For completeness, the court refers to the provisions of s92B (3) of the Labour Act which reads as follows

“Any party to whom a decision, order or determination relates may submit for registration the copy of it furnished to him in terms of subsection (2) to the court of any Magistrates which would have had jurisdiction to make the order had the matter been determined by it, or if the decision, order or determination exceeds the jurisdiction of any Magistrates court, the High Court”

The aforementioned section is clear that anyone to whom a decision, ruling or order related is empowered to pursue its enforcement. The words “any person” is inclusive of the person in whose favour the ruling was made to seek its enforcement. This relates to registration of draft rulings issued in terms of s 92B or confirmed in terms of s (93(5b)) by the Labour Court. This entails that only those in possession of draft rulings issued by the Labour Court can rely on this section and must seek enforcement of the same in the appropriate court, that is either at the Magistrate Court or High Court depending on jurisdictional size or value of the order or judgment (see Zimbabwe Rural District Councils Workers’ Union v Nyanga Rural District Council HH118/22).

The applicant’s dispute having been handled by a designated agent, does not fall within the provisions of any of the analyzed provisions.
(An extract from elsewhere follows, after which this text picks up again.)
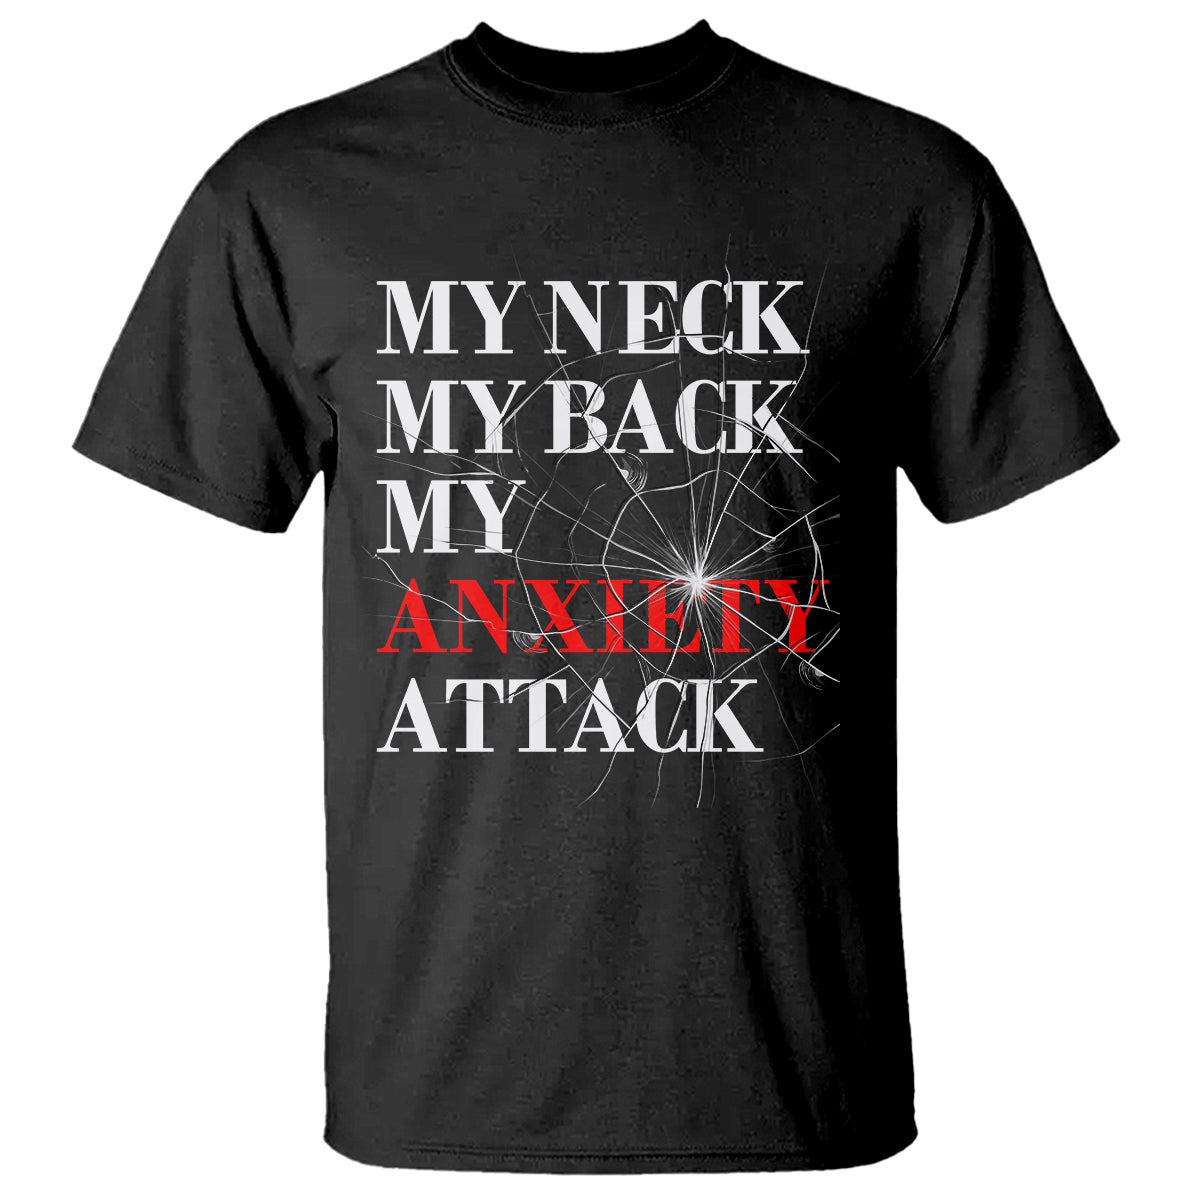 Mental Health Awareness T Shirt My Neck My Back My Anxiety Attack TS09 Black Printyourwear
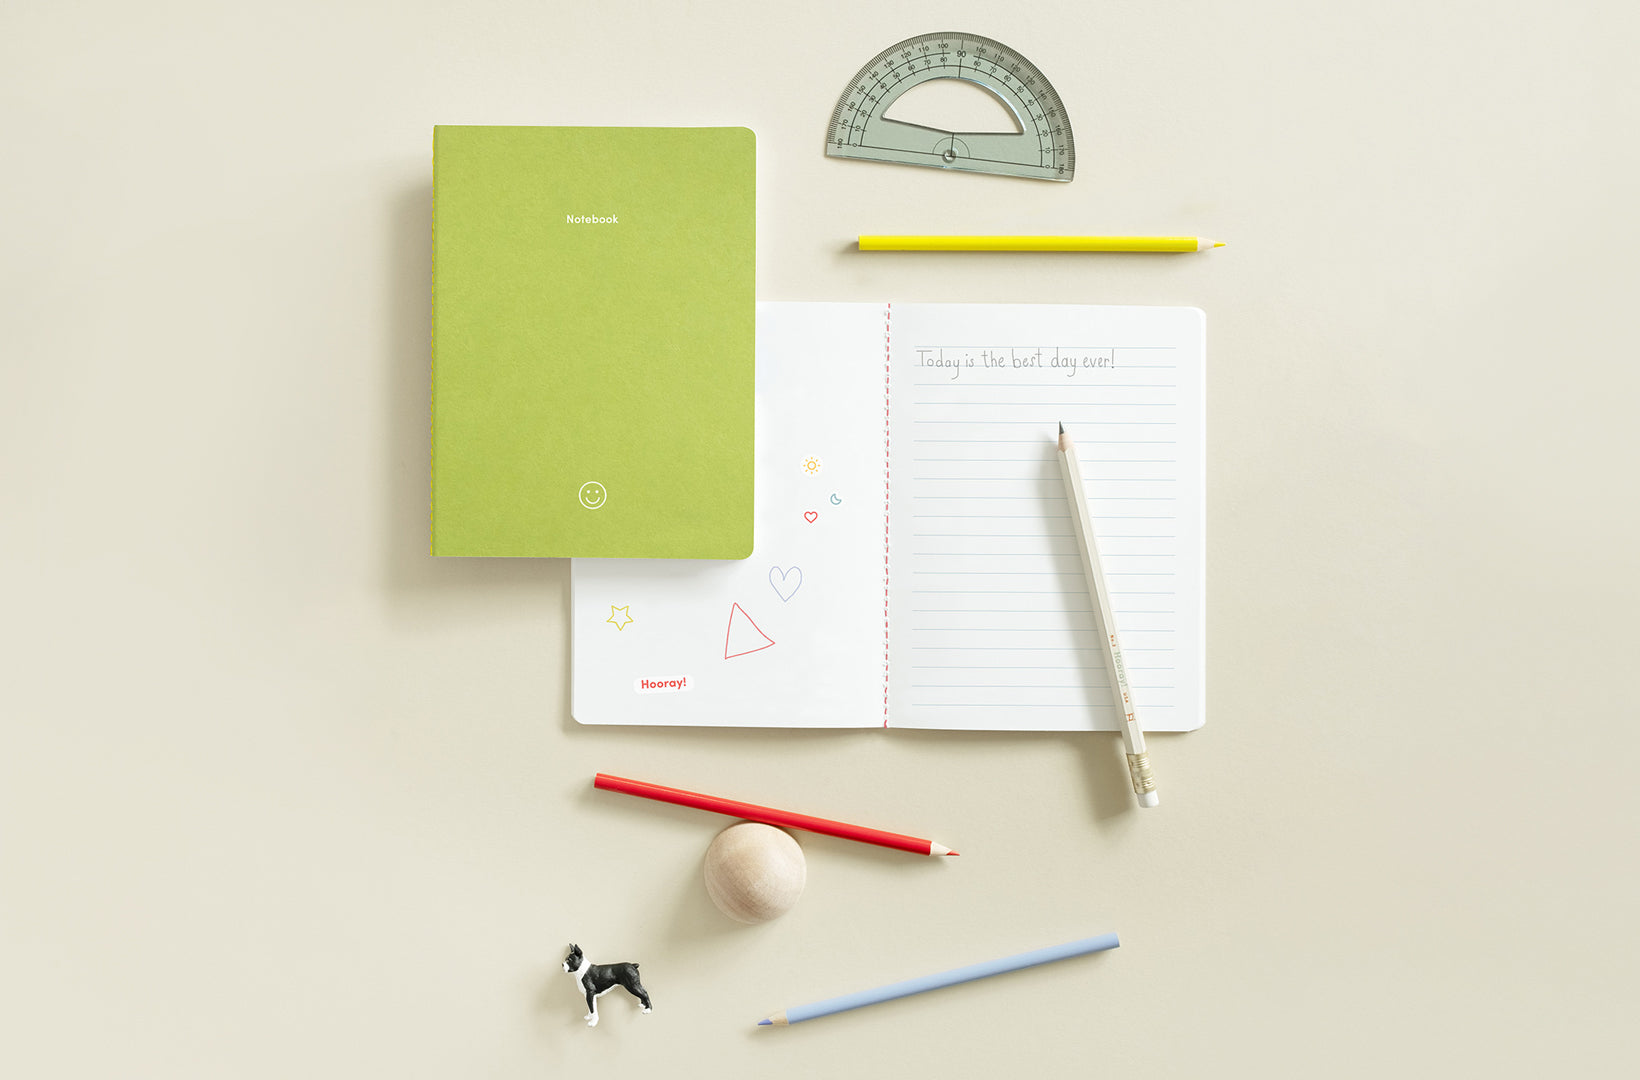 The Clover and Mist Notebook Set from the Appointed Kids collection sit against a light beige background. The mist notebook is open and laying flat with some doodles drawn. Colorful pencils, a protractor, and small animal toys lay aside.

The applicant being in possession of various awards validly issued by quasi-judicial tribunals vested with statutory authority to issue such awards would obviously pursue enforcement. Where respondent has failed to comply with the terms of the determination and the applicant is thus unable to enjoy execution of what he is entitled to, the determination will in fact be brutum fulmen. Anyone in the position of the applicant would have assumed that they will find redress in the Labour Act and the courts. Surprisingly, there is no statute which specifically provides for enforcement procedure of determination by a designated agent.
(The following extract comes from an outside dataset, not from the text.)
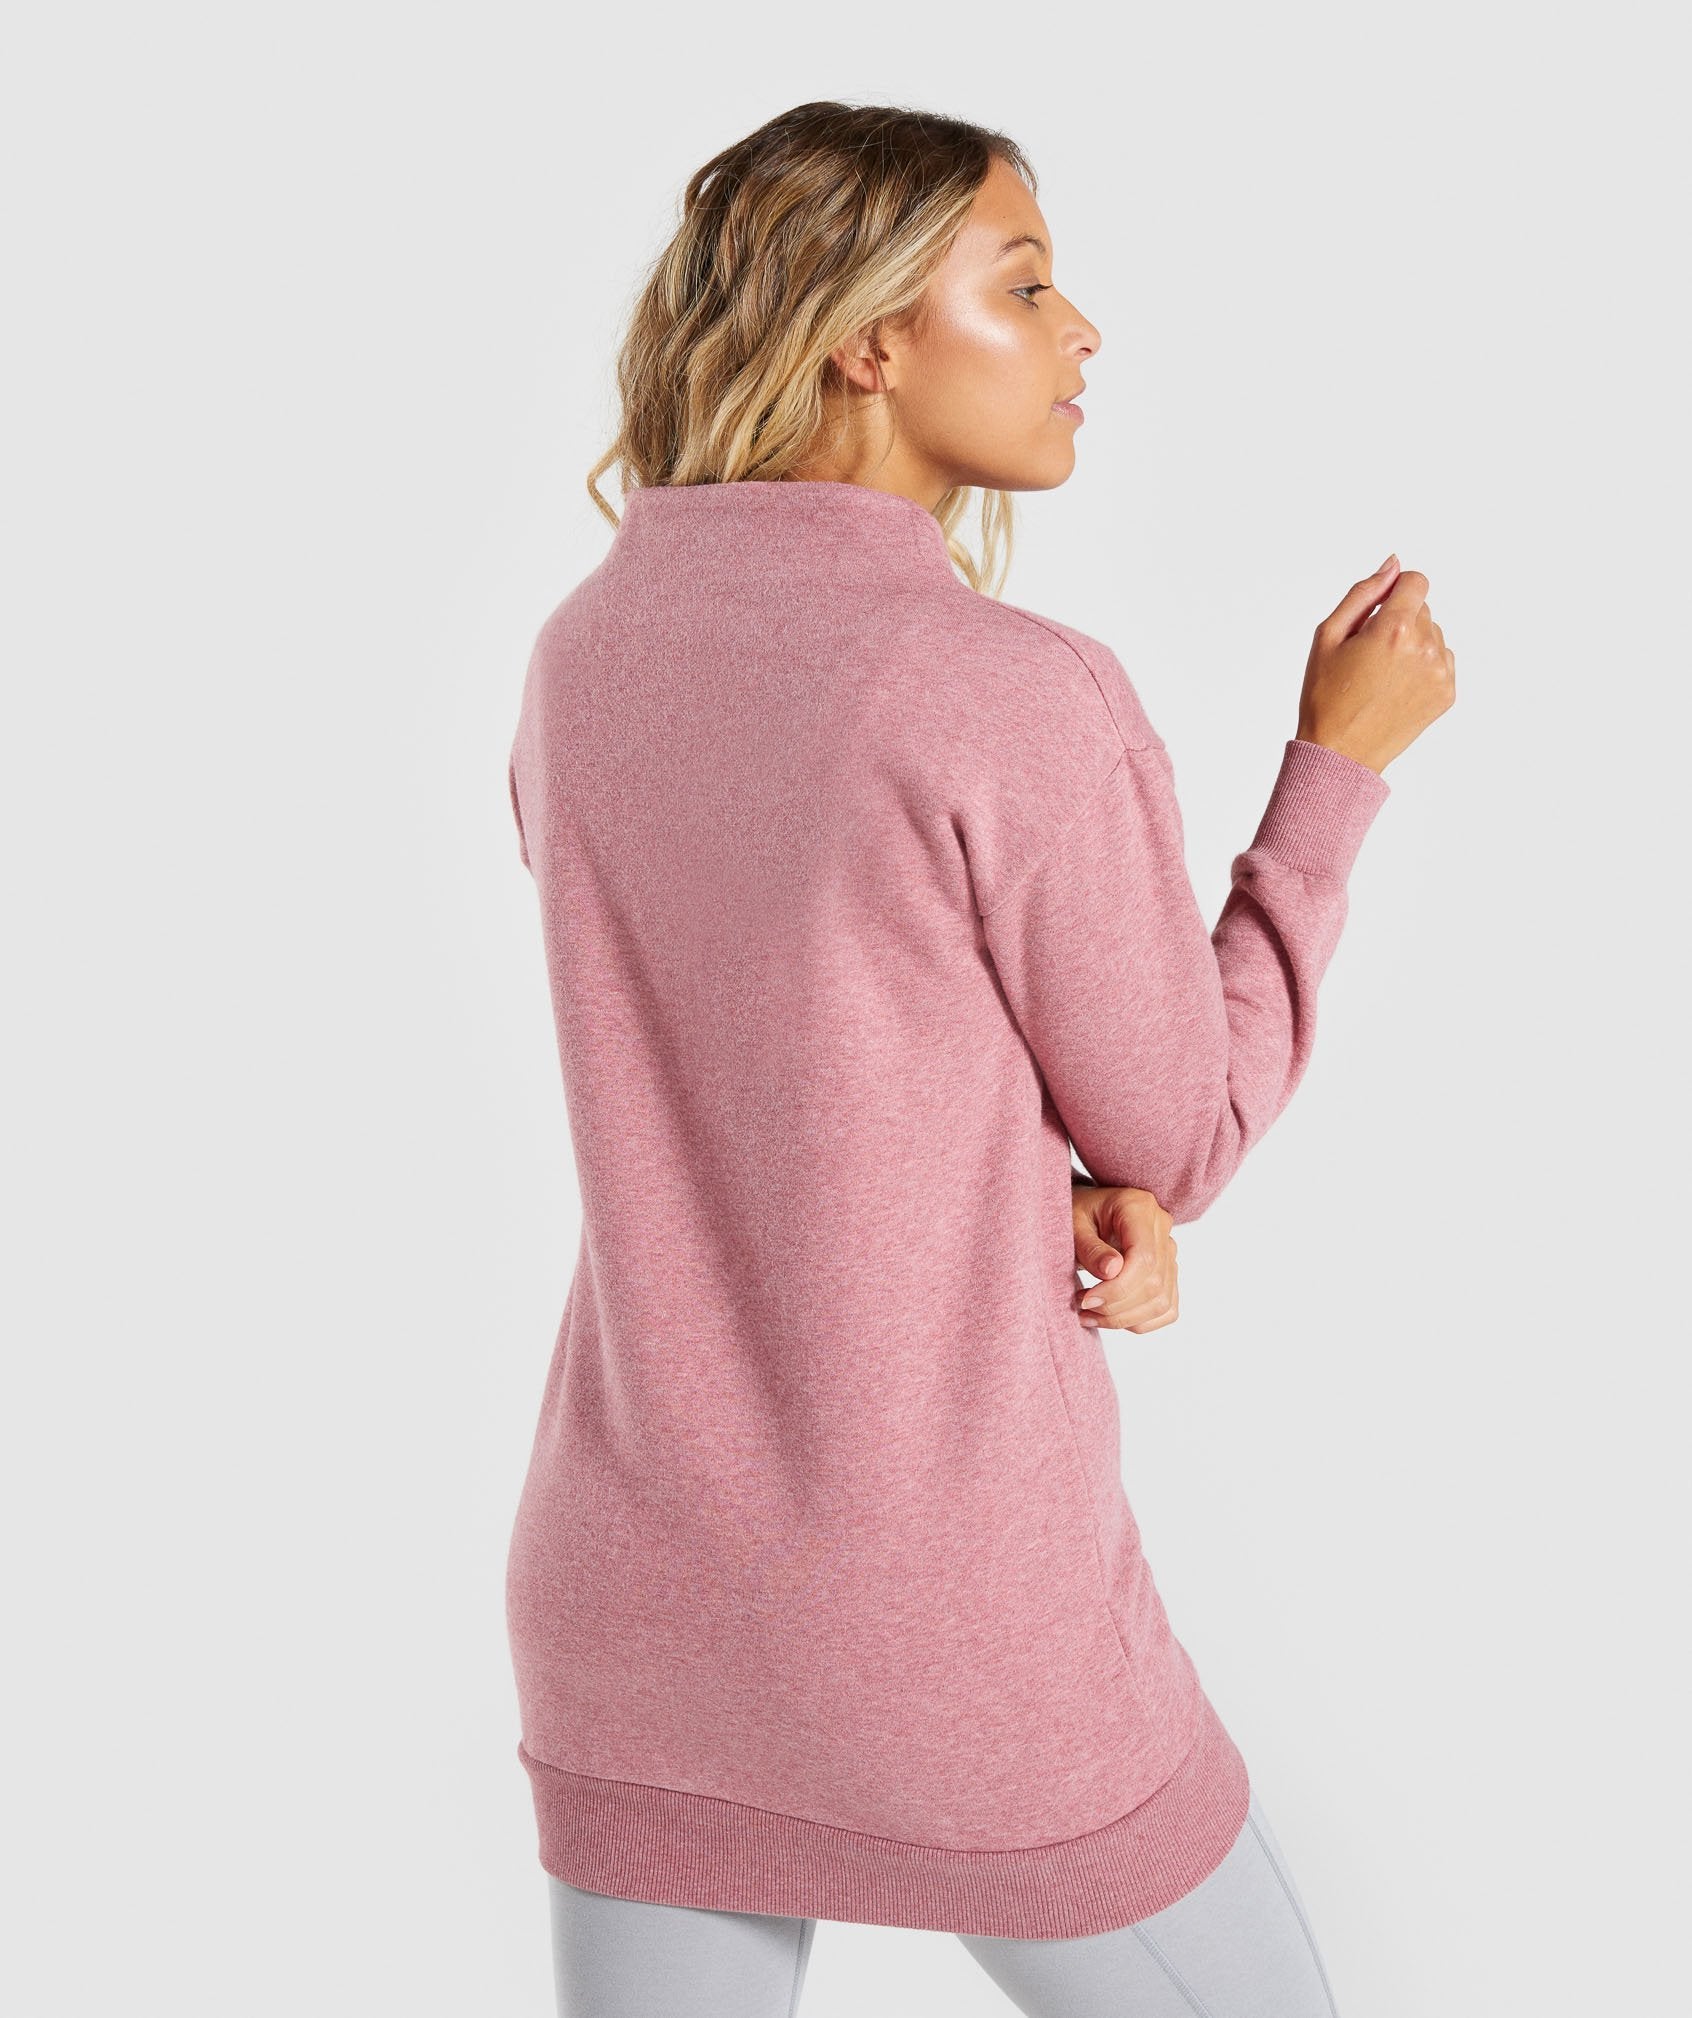 So Soft Sweater in Dusky Pink Marl - view 2

The position was extensively addressed in a composite judgment in Zimbabwe Rural District Councils Workers’ Union v Nyanga Rural District Council HH118/22 wherein it was ruled as follows:

“The authority of the designated agent is indisputable. The Constitutional Court endorsed that position beyond doubt in the Isoquant Investments (or ZIMOCO) decision. Evidently it was the deliberate decision of the Legislature, mindful of the need to attain industrial justice, to set up dispute resolution mechanisms by making provision for the appointment of designated agents and clothing them with certain adjudicatory powers. But registration of awards by a court is something quite different. There is no statutory authority for it. That seems to leave the determination by a designated agent at the level of a liquid document or some such instrument of debt. In my view, there is an obvious need for the Legislature to step in and correct the anomaly. In the premises I would also dismiss the applications.”

Given the aforegoing sentiment, this court in the exercise of its inherent jurisdiction cannot draw such authority. What this court offers in situation like the present applicant was addressed in the Nyanga case supra where MAFUSIRE J made the following remarks;

“I consider that the applicant is not without a remedy. The determinations by the designated agents can form the basis of proceedings for judgments from this court in much the same way as liquid documents are ……...”

Suffice that whilst the above option may be available, it is burdensome on the litigant as the litigant needs to approach court again and litigate yet registration if available would be the best and most convenient procedure to adopt given that a determination would already have been made. It is imperative that the Legislature proceeds with haste to enact legislation that covers the lacuna in the law and ensures that provision is made for enforcement of determinations by designated agents. Without such provision, successful candidates who hold determinations in their favour remain deprived and unjustly prejudiced due to inability to immediately enjoy the benefits ensuing from their awards.

Given the aforegoing, this application cannot succeed.

Accordingly, the following order is made :

The application is dismissed.

MUNANGATI-MANONGWA J………………………………

Matsikidze Attorneys- At- Law, applicant’s legal practitioners.

Shonhai Law Chambers, respondent’s legal practitioners.